Although contemporary antiretroviral therapy (cART) efficiently suppresses HIV replication, and promotes CD4 T cell reconstitution, persistence of viral reservoirs is a well-established fact. The proliferation of latently infected cells, occasional viral replication, and low-level immune activation may compromise the long-term prognosis of people living with HIV. Highly sensitive biomarkers of residual viral activity are warranted to improve the treatment and follow-up of ART-treated patients.

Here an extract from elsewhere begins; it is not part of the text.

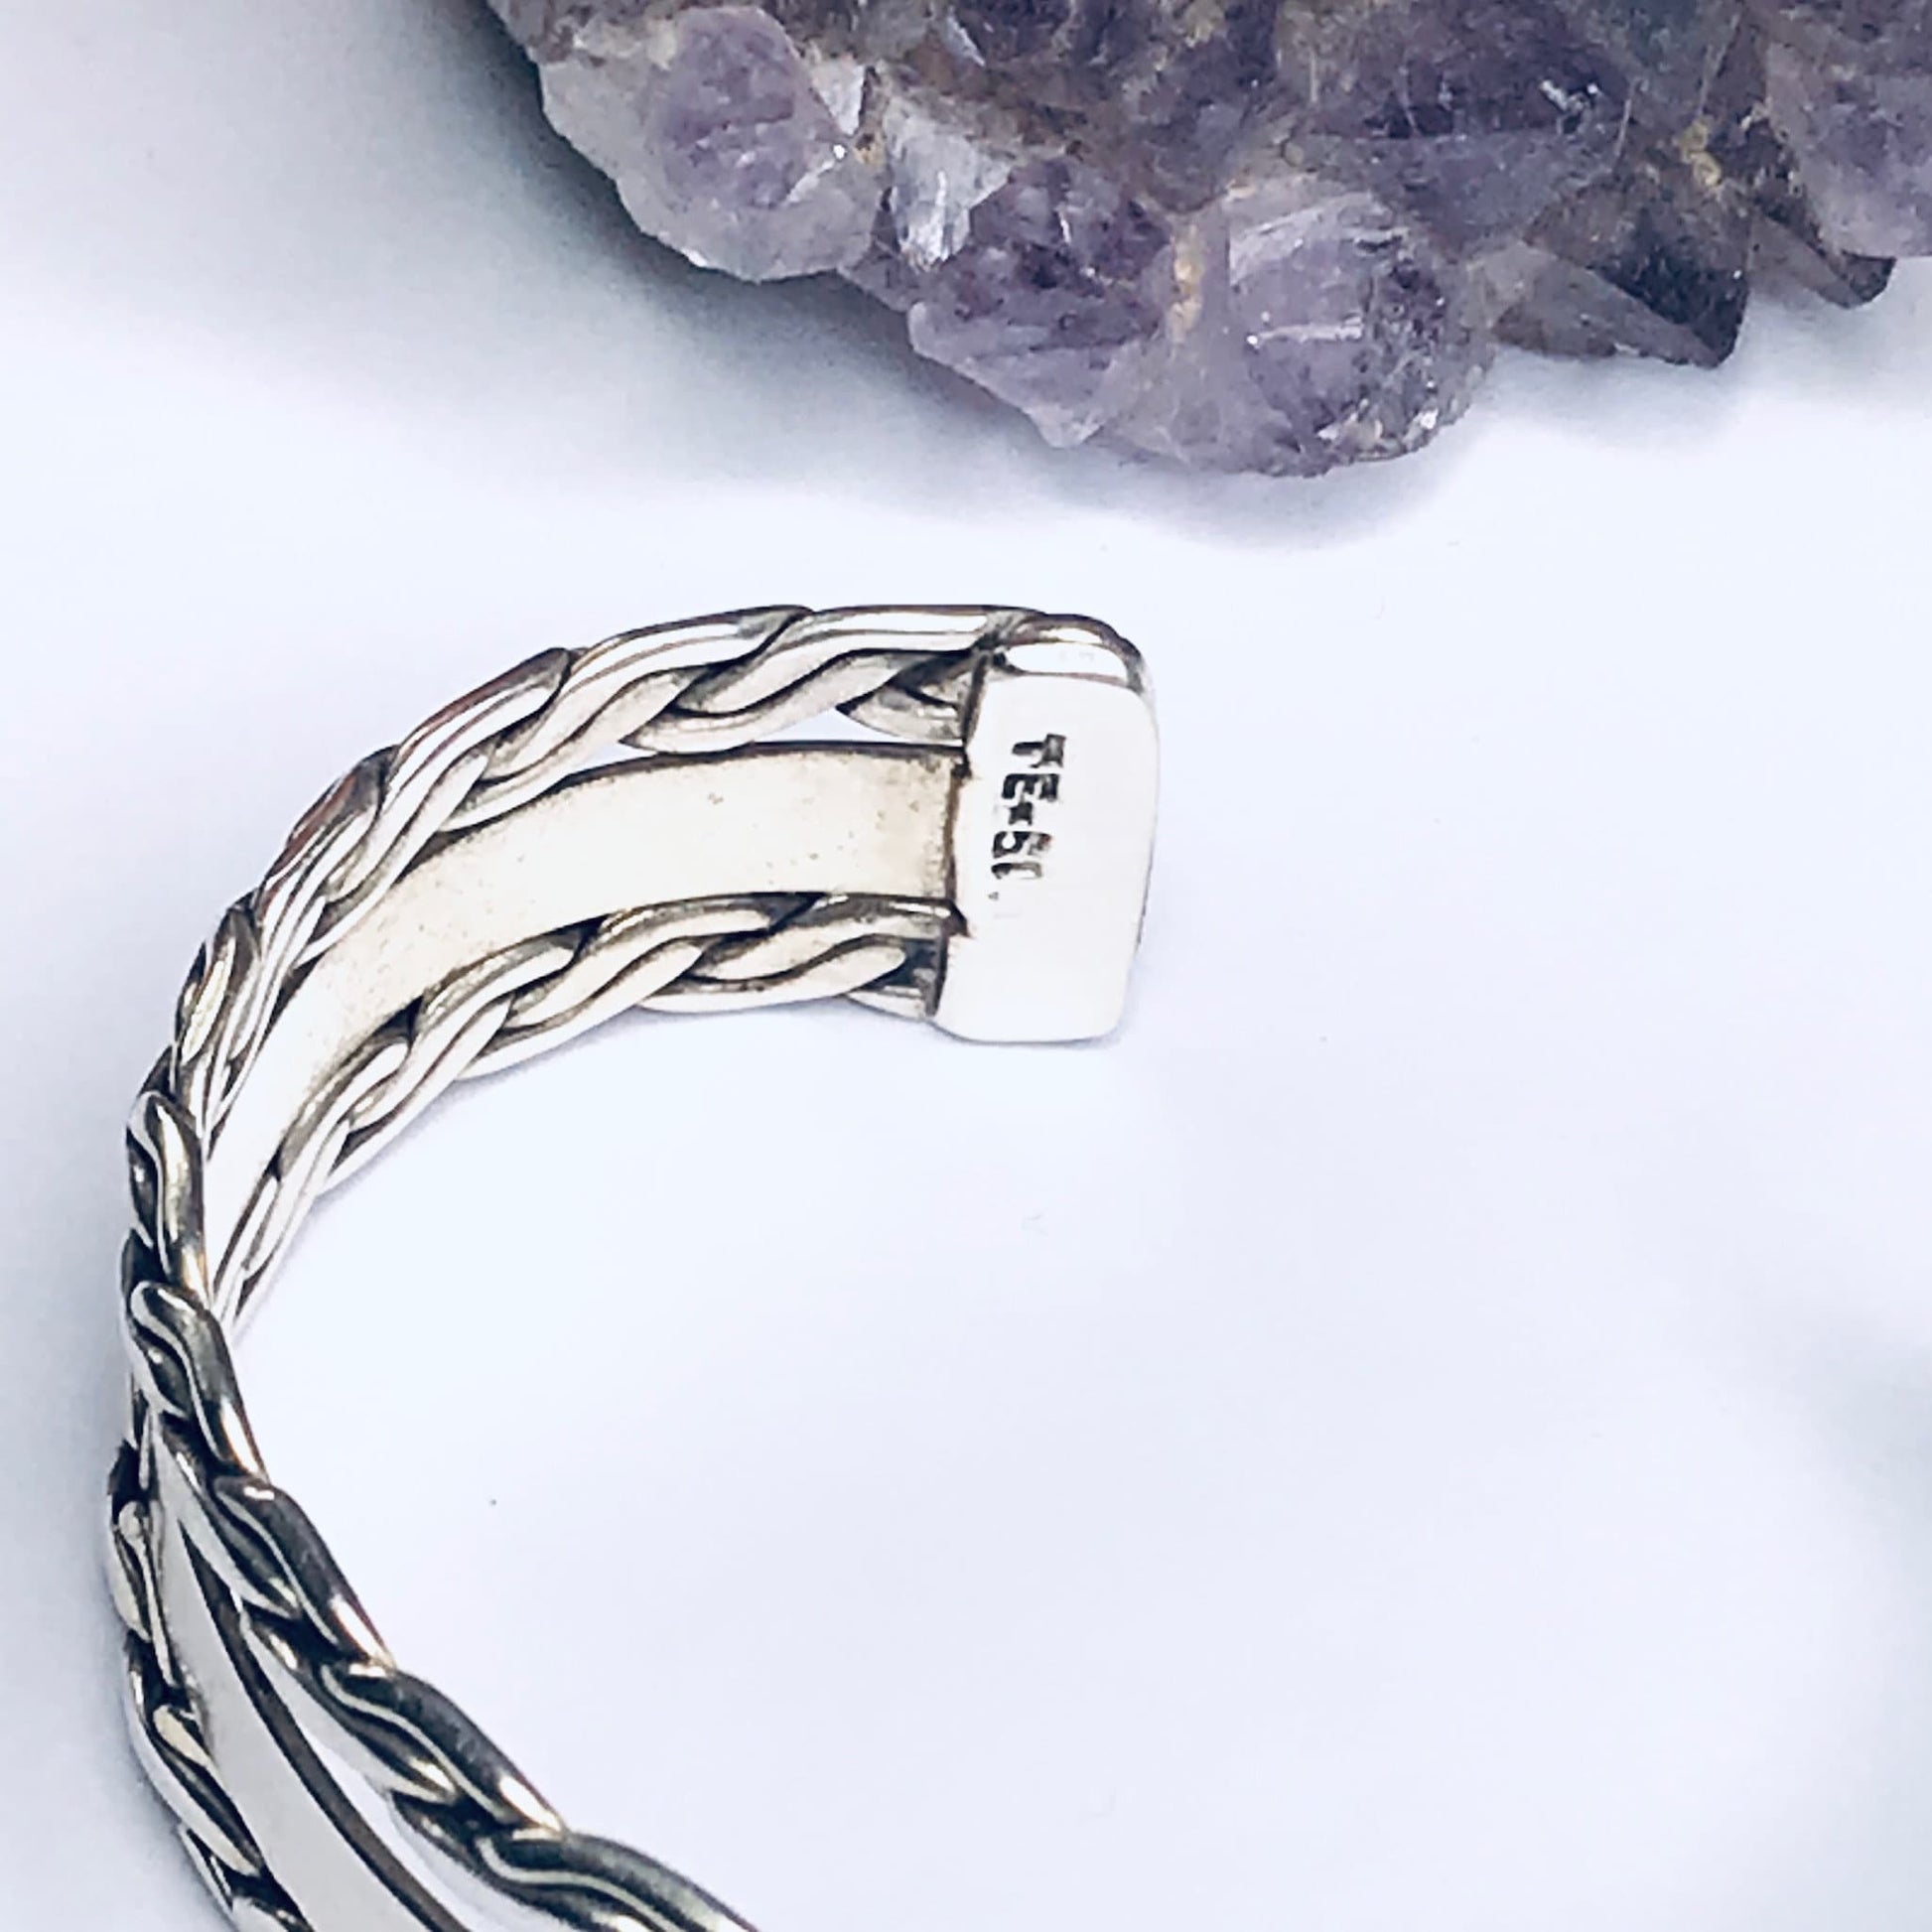 Vintage Sterling Silver Weave Cuff Bracelet with TE-51 Stamp from Mexico, Minimalist 925 Silver Cuff with Braided Woven Design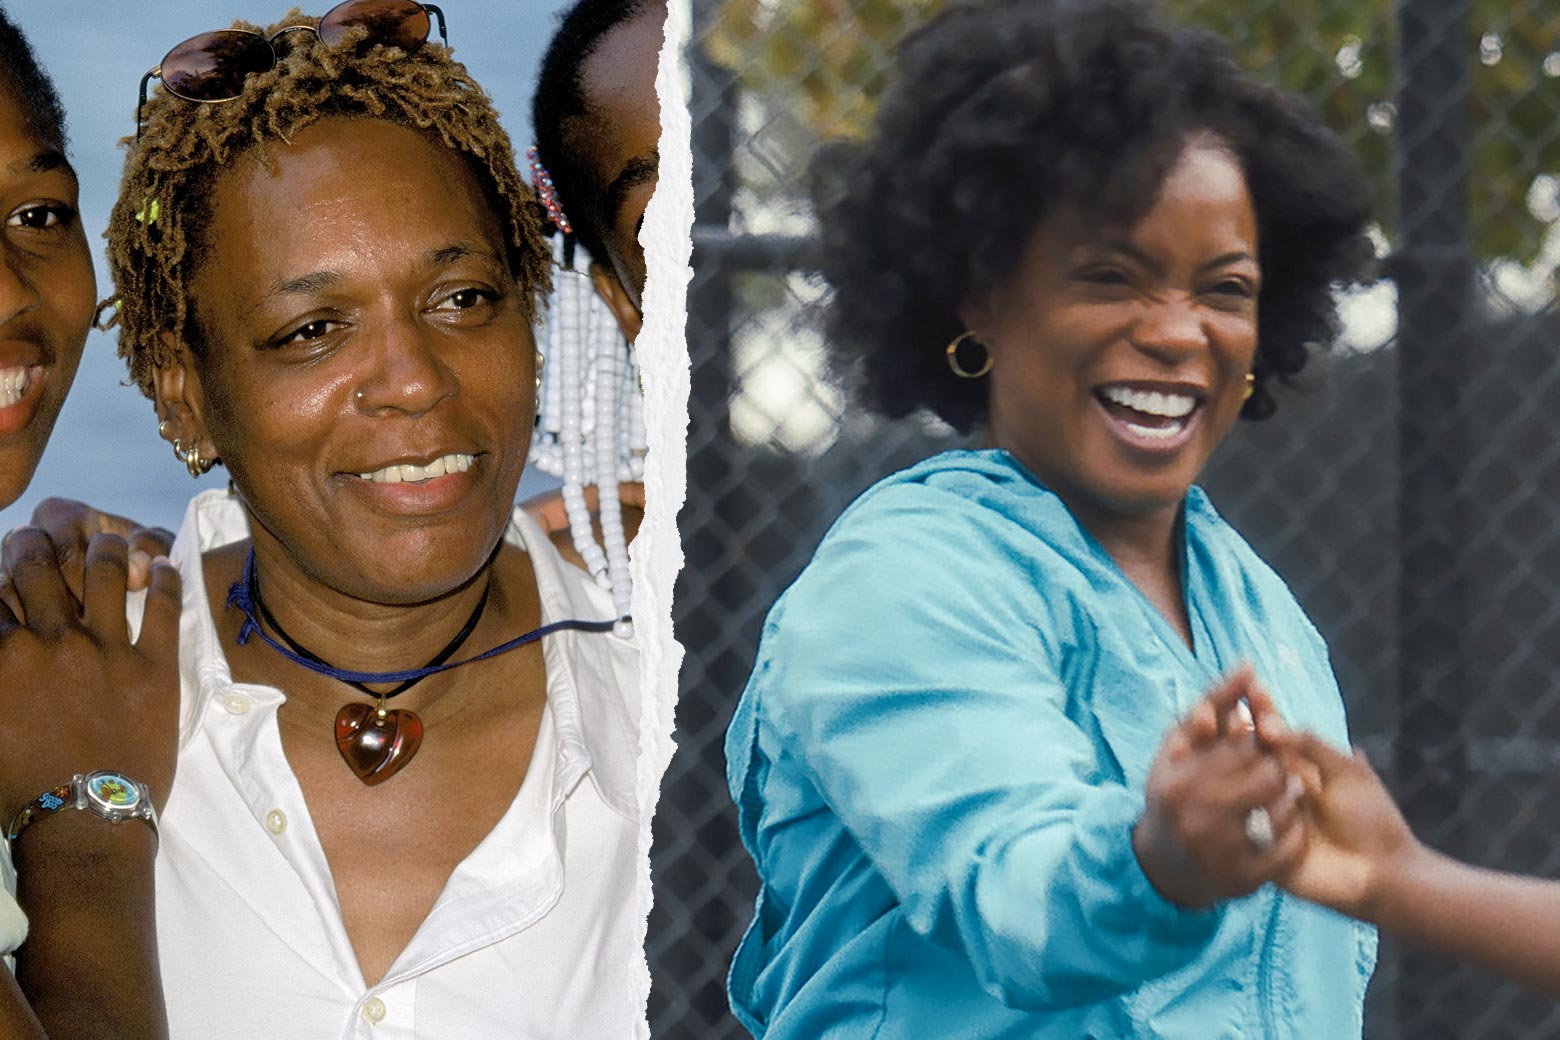 She wears a big smile in both photos, surrounded by her daughters

Iron is essential for immune functions and plays a key role at various stages of HIV life cycle. Increased iron stores were shown to correlate with faster progression of HIV-1 infection in the settings of thalassemia major, haptoglobin 2-2 polymorphism, or oral iron substitution. ¹ In contrast, iron chelation can prevent HIV-1 reactivation. ² Systemic and cellular iron are complexly regulated. Essentially all extracellular is transferrin bound iron (TBI), and >95% of intracellular iron is also protein bound. The term “labile iron pool” (LIP) refers to the transitory (i.e., exchangeable and chelatable) redox-active form of cell iron important for cell metabolism. It results from a balanced uptake of circulating TBI, its utilization in mitochondria, and storage of unutilized cell iron in ferritin complexes. ³ LIP is regulated by ferroportin-mediated transmembrane export, and hepcidin-mediated inhibition of ferroportin receptors. Enhanced hepcidin synthesis during inflammation results in increased level of LIP. ⁴ Poorly liganded ferrous iron is related to production of reactive oxygen species (ROS), with deleterious role in case of compromised iron balance. ^3,5

The few studies on systemic iron in cART-treated HIV+ patients are inconclusive as to the independent effects of cART on iron homeostasis. Chang et al. showed that HIV induces a significant increase in serum iron (sFe) level, persisting in adequately ART-treated patients. ² No data are available on LIP at the level of T cell subsets in HIV+ subjects, before or in the course of cART. We hypothesized that in the settings of HIV infection, CD4 T cell LIP and CD8 T cell LIP are related to viral activity changes in the course of treatment. Modifying a published method, ⁶ we measured LIP directly in CD4 and CD8 T cells from HIV+ patients with sustained viral suppression (SVS) and different extent of immune recovery in response to cART.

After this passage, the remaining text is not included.